Members of the public and local officials criticized the Long Beach Police Department’s continued use of facial recognition software at a Friday public safety committee hearing.
A city council subcommittee even recommended that the technology be banned over concerns about its accuracy.
“Imagine the chaos when the LBPD starts getting alerts saying the suspect was spotted by a camera downtown, but 9 out of 10 times, they’re being sent out on a false alert,” said one speaker at the Friday meeting.
“It could easily get someone killed one day.”
Local attorney Greg Buhl wrote in a letter to the committee, “Before the City gives the green light to LBPD’s continued and unchecked use of facial recognition, the inherent equity and racial justice issues associated which must be addressed.”
But Long Beach’s assistant chief of police, Wally Hebeish, told the panel the facial recognition software is only being used in limited ways right now. The police use the software to generate possible leads in criminal investigations.

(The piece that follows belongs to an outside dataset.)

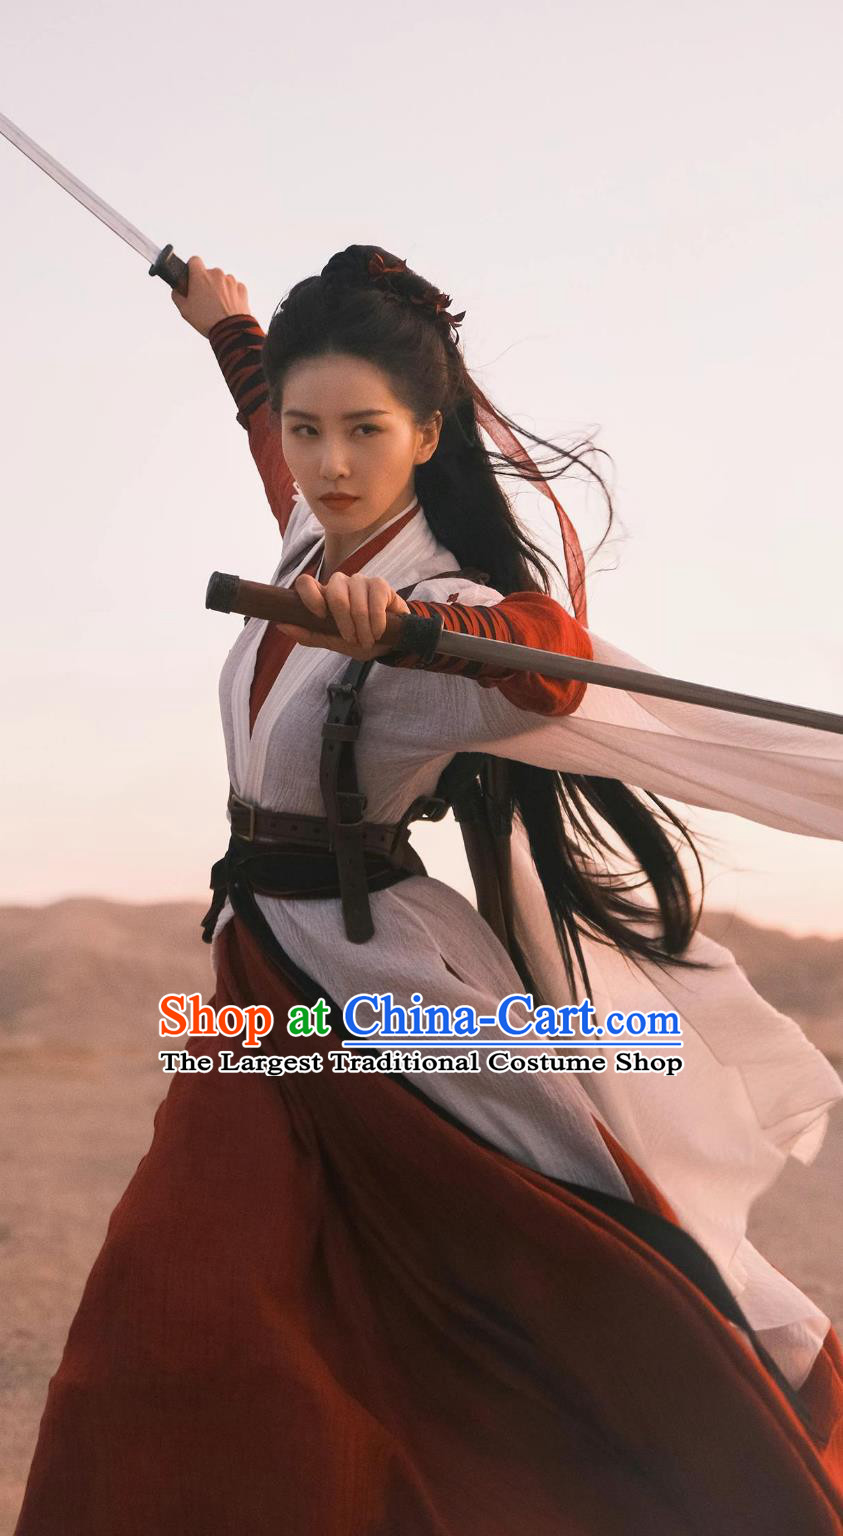 2023 TV Series A Journey To Love Swordswoman Ren Ru Yi Costume Ancient Chinese Female Assassin Clothing Wuxia Kungfu Garment
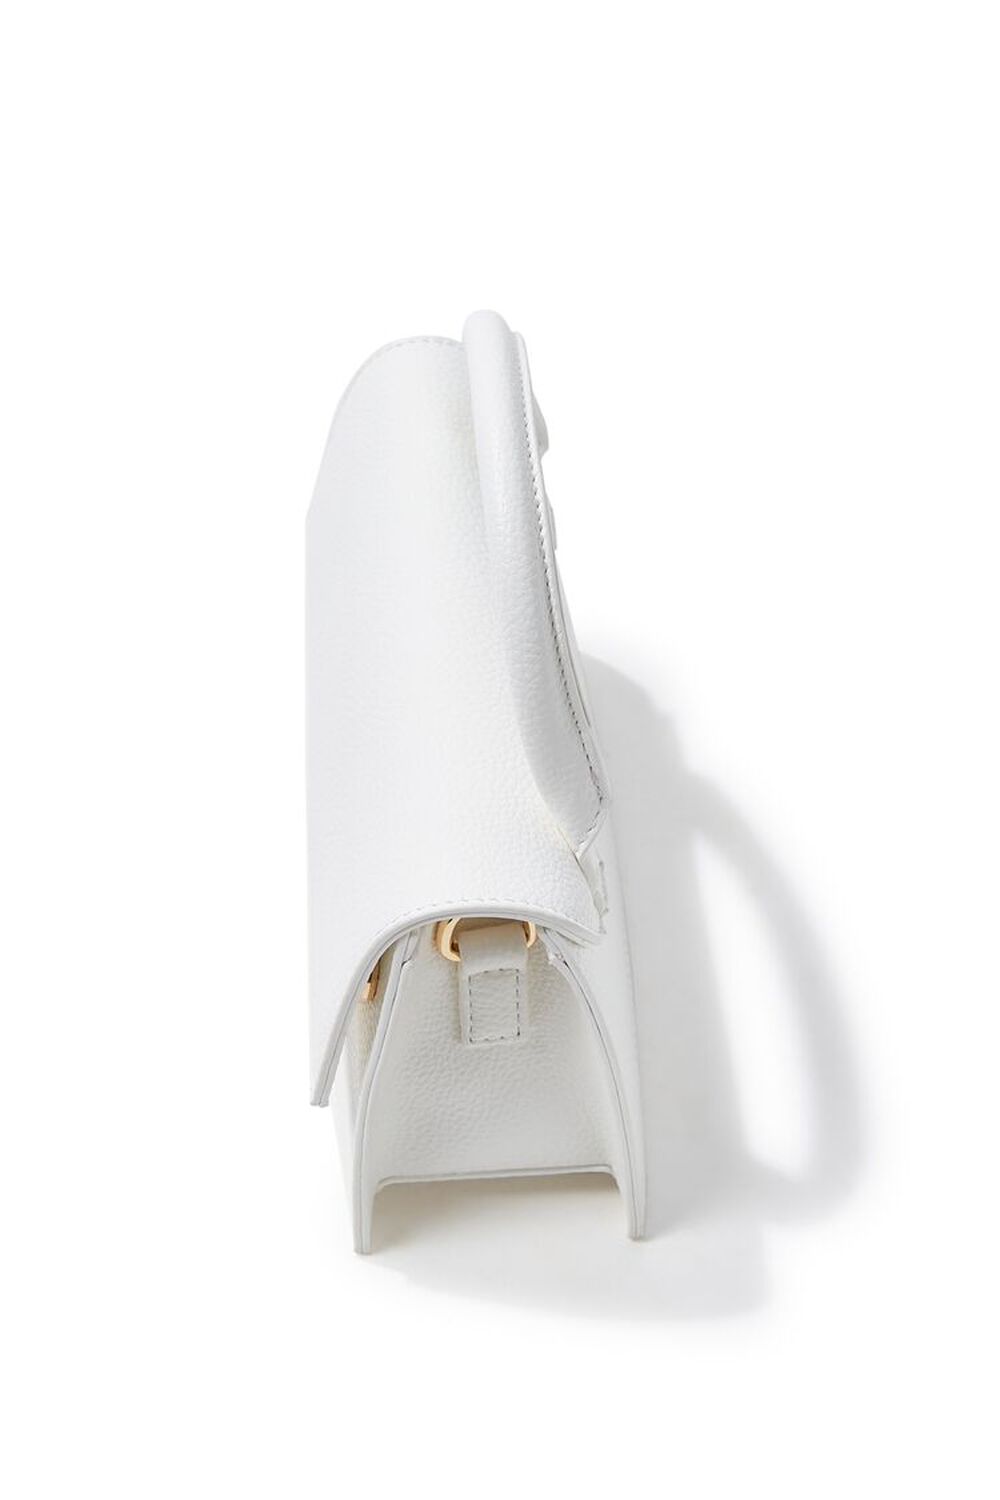 WHITE Structured Flap-Top Crossbody Bag, image 2

He also said supervisors should be trusted to serve as safeguards.
“Our policy does mandate that the supervisor overseeing the use of that system does ensure that it is being used appropriately and takes steps if it is not,” Hebeish said.
A subcommittee within the city’s Technology and Innovation Commission expressed concern that the city had no “independent auditing entities.”
In a report released ahead of the Friday meeting, the subcommittee recommended the city ban the use of this type of software by the police with “possible consideration of narrowly defined and limited exception(s).”
The report stated, “the subcommittee finds that current facial recognition technologies are not only insufficiently accurate but pose substantive and unequal risk to Black residents and residents of color due to inherent algorithmic biases that have not been effectively addressed in software design.”
The findings are not new to critics of facial recognition software. Research from 2018 found that some algorithms misclassified Black women nearly 35 percent of the time but almost always correctly identified white men.
There have been improvements in the accuracy of facial analysis software.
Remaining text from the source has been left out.